Japan receives tens of millions of visitors a year, and the story of that tourism - where people go, how they get there, what they find, and what they cost the places they visit - is one of the most consequential ongoing stories in the country. This category covers *everything* about travel to and within Japan: destinations, logistics, policy, and the social dynamics that shape what it actually means to be a visitor here.
We write about travel the way we write about everything else: with an eye on the underlying tensions, not just the itinerary. That means reporting on dual-pricing debates at heritage sites alongside the local governments and community groups navigating visitor overload. It means covering transportation options and safety risks from a perspective rooted in Japanese-language sources and on-the-ground reporting, not tourism board releases.

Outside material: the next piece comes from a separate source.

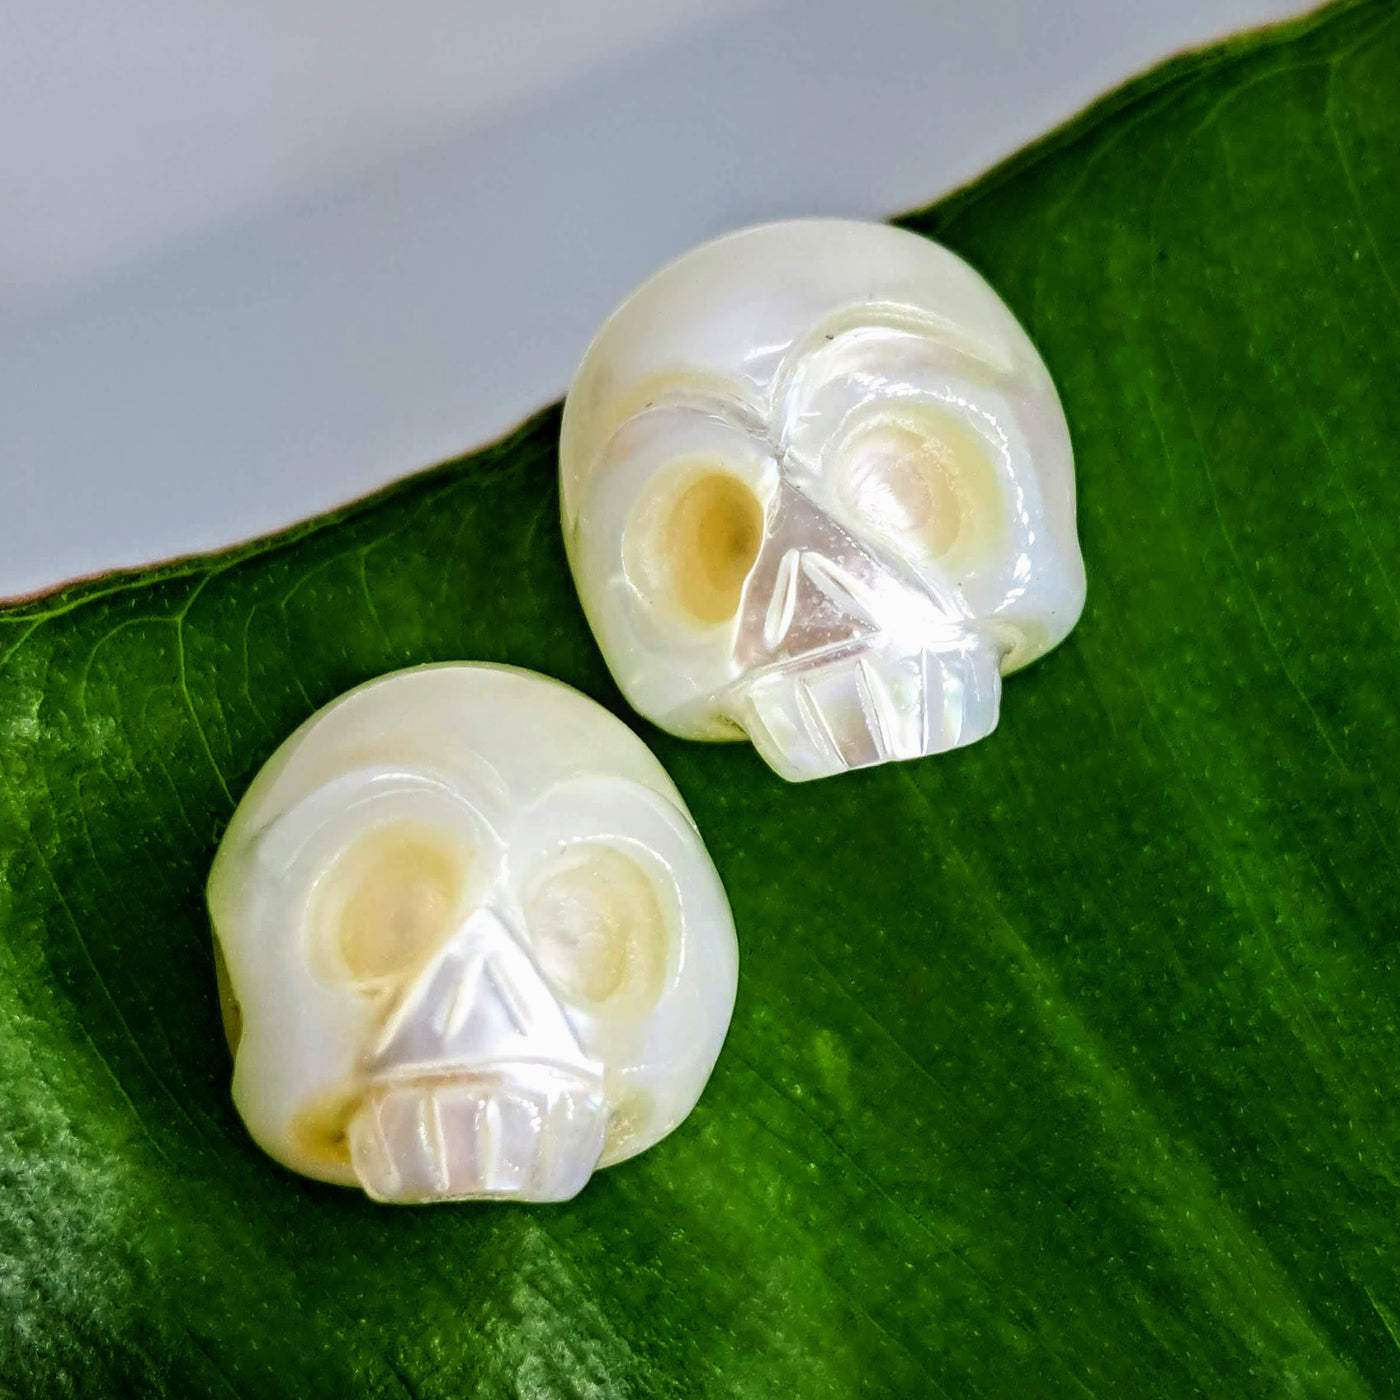 "Sugar Skull" .5" Stud Earrings - Hand-carved Pearls, Sterling

The themes we keep harping on reflect the reality of Japan's post-pandemic tourism boom: the friction overtourism is generating in residential neighborhoods and at sacred sites; the quiet emergence of cities like Fukuoka and overlooked regions like Shikoku and Suwa as serious alternatives to saturated corridors; the practical concerns facing particular kinds of travelers, including women traveling alone and visitors contending with summer heat that has become a genuine safety issue. We track the cultural phenomena that blur tourism and daily life (from convenience-store pilgrimages to kissaten hanging on in a changing landscape) alongside the policy moves that will shape who can visit, and where, in coming years.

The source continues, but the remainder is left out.